Spazio Pesca, Artworks Courtesy of ADA Rome_Photo Courtesy of Marco Previdi
In una Milano di fine marzo, alle porte di una frenetica Art Week, inaugura la mostra personale di Diego Gualandris, Canzoni per animali d’appartamento, secondo capitolo del ciclo avviato a gennaio 2025 con l’esposizione di Federika Fumarola Recupero di un tempo di osservazione perduto, visitabile fino a metà giugno. Ci accolgono il duo curatoriale Arianna Pavoncello, manager dello Studio di Restauro e Conservazione Merlini-Storti, Carolina Latour, curatrice indipendente, e la founder di Studio Pesca Benedetta Gambino, unite dall’interesse di incrociare pratiche e vocazioni diverse per costruire occasioni conviviali di incontro e scambio. Spazio Pesca, fondato nel 2020, nasce da subito con un approccio cross-disciplinare tra art direction, graphic design e produzione di workshop, show cooking e mostre: «porte aperte a chiunque dimostri un’anima affine a quella dello studio, per dare spazio a tutte le anime creative, ai ‘frutti’ delle nuove idee».
La personale Canzoni per animali d’appartamento di Diego Gualandris (Albino, Bergamo, 1993) è un esempio di come l’arte visiva e la gastronomia possano unirsi in un’esperienza sensoriale completa. Disposte nelle tre stanze principali dello studio dalle pareti verde acido, le pitture su tavola di Gualandris tracciano una linea d’orizzonte composta da paesaggi desertici e diradati, una “fine del mondo” illuminata da grandi Soli in rosso acceso. La stella è come un occhio che sorveglia un luogo a lei sconosciuto, come una telecamera accesa sul nostro quotidiano, racconta Gualandris: «Quasi tutti i titoli delle opere in mostra sono nomi di animali famosi, come Atticus Finch, il protagonista de Il buio oltre la siepe. Sono loro gli ‘animali da appartamento’, esattamente come noi». Il ciclo di Gualandris si ispira all’estetica fantasy e shi fi, dal film d’animazione Fantasia di Walt Disney, al pianeta Tatooine di Star Wars o al romanzo Dune.
I suoi “quadri d’appartamento”, come li definisce, «sono una moltitudine di piccoli occhi pulsanti che scrutano il visitatore. Come animali appostati, ci costringono a prendere le misure per avvicinarli, a muoverci piano ma tenendo lo sguardo fisso su di loro». L’immagine della stella si ispira alla copertina del Vangelo e Atti degli Apostoli dell’edizione San Paolo, culturalmente interiorizzata nella memoria degli italiani, una tra le versioni più diffuse fin dagli anni Settanta, rivisitata da Gualandris su tavolette di recupero in legno che suo nonno ritagliava per immagini sacre, nella chiesa di Albino. Inteso nella sua simbologia mitologica, come icona sacra ultraterrena e metafisica, il Sole viene ritratto nelle varie fasi di nascita, infanzia, adolescenza, adultità e morte, «perché tra sei o sette miliardi di anni morirà, come tutti gli esseri viventi». In occasione di Miart, la mostra verrà riattivata da un appuntamento performativo con l’artista, sabato 5 aprile.

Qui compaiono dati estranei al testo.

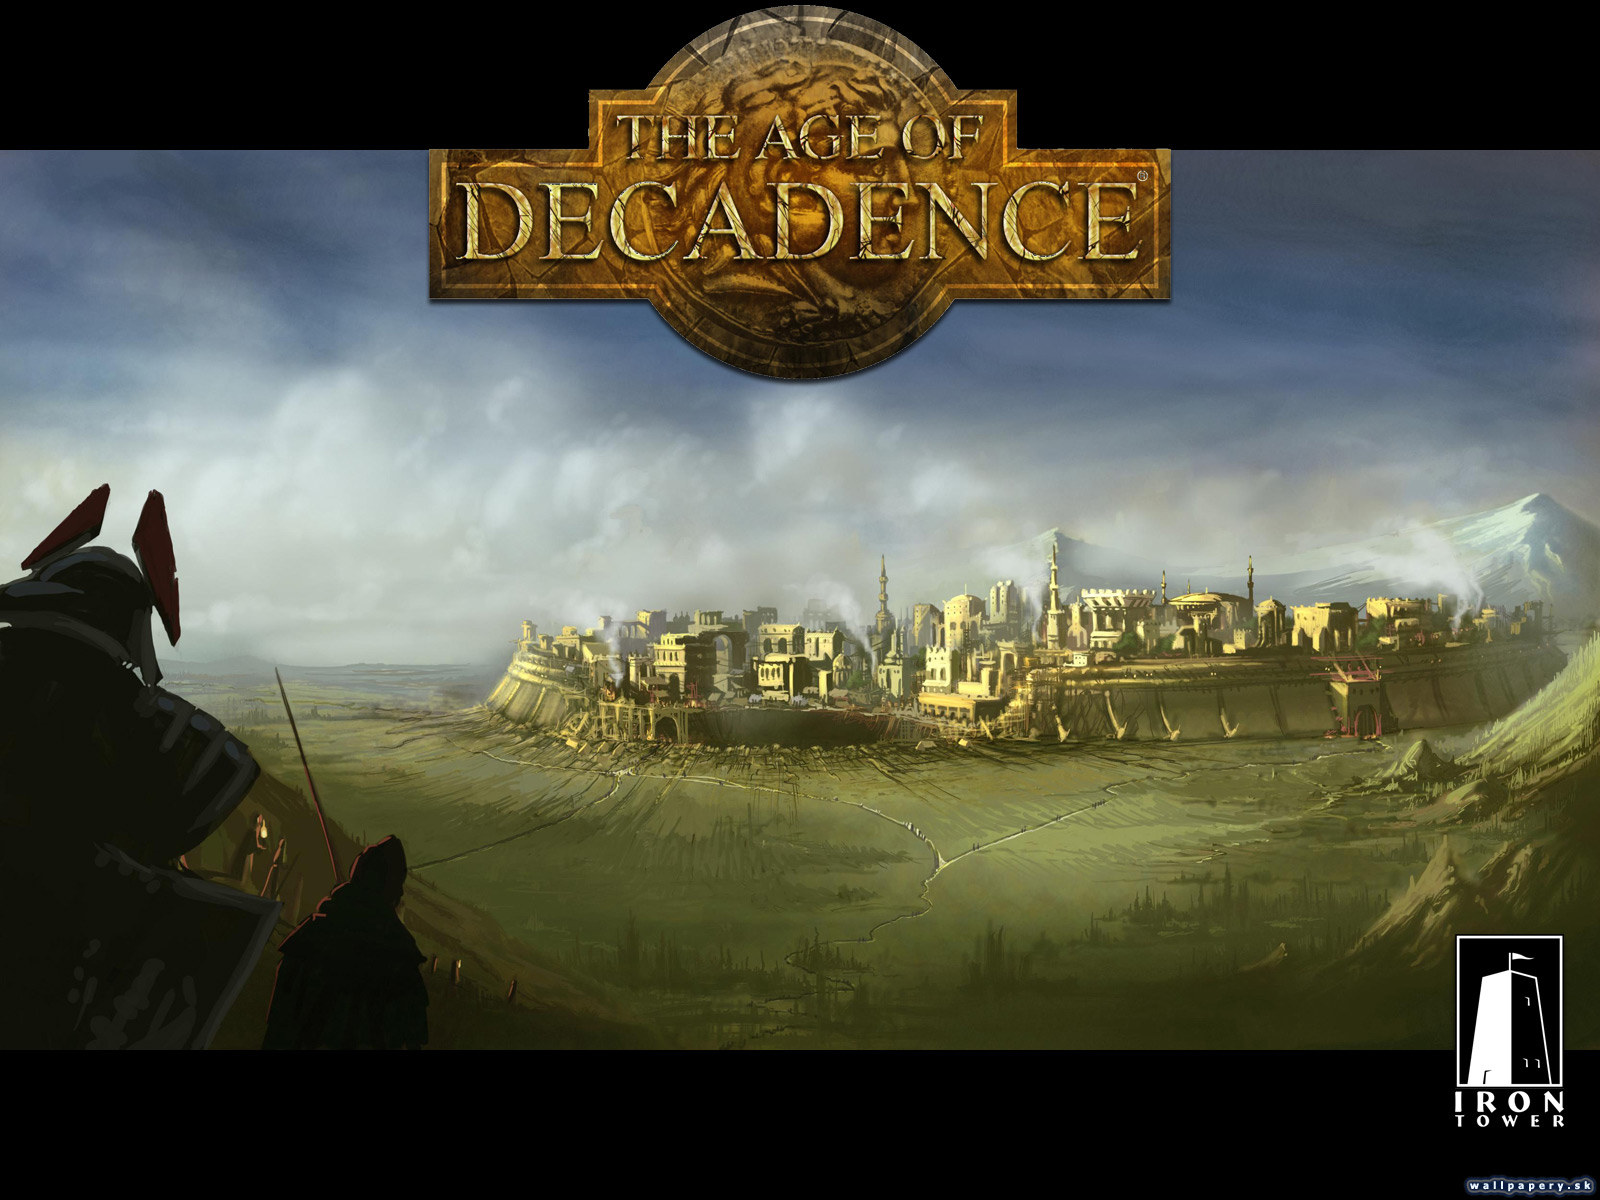 The Age of Decadence - wallpaper 3

L’evento inaugurale è arricchito dall’esperienza gastronomica ideata dagli chef Arturo Franzino e Jérémy Nguyen con una proposta tematicamente e cromaticamente connessa alle icone delle pitture di Gualandris. Gli chef, che lavorano tra Roma e Marsiglia, amano collaborare con il loro concept culinario a progetti artistici e culturali, lavorando con i cambi di temperatura, di odore, sapore e con passaggi di stato della materia, che si ispirano gustativamente alle cromie e forme dei Soli. Un incontro non comune tra gastronomia, estetica e visività, che permette un secondo avvicinamento al tema del tempo: riscoprire la bellezza nell’incontro, della creazione, dello stare insieme, prendendosi il tempo necessario.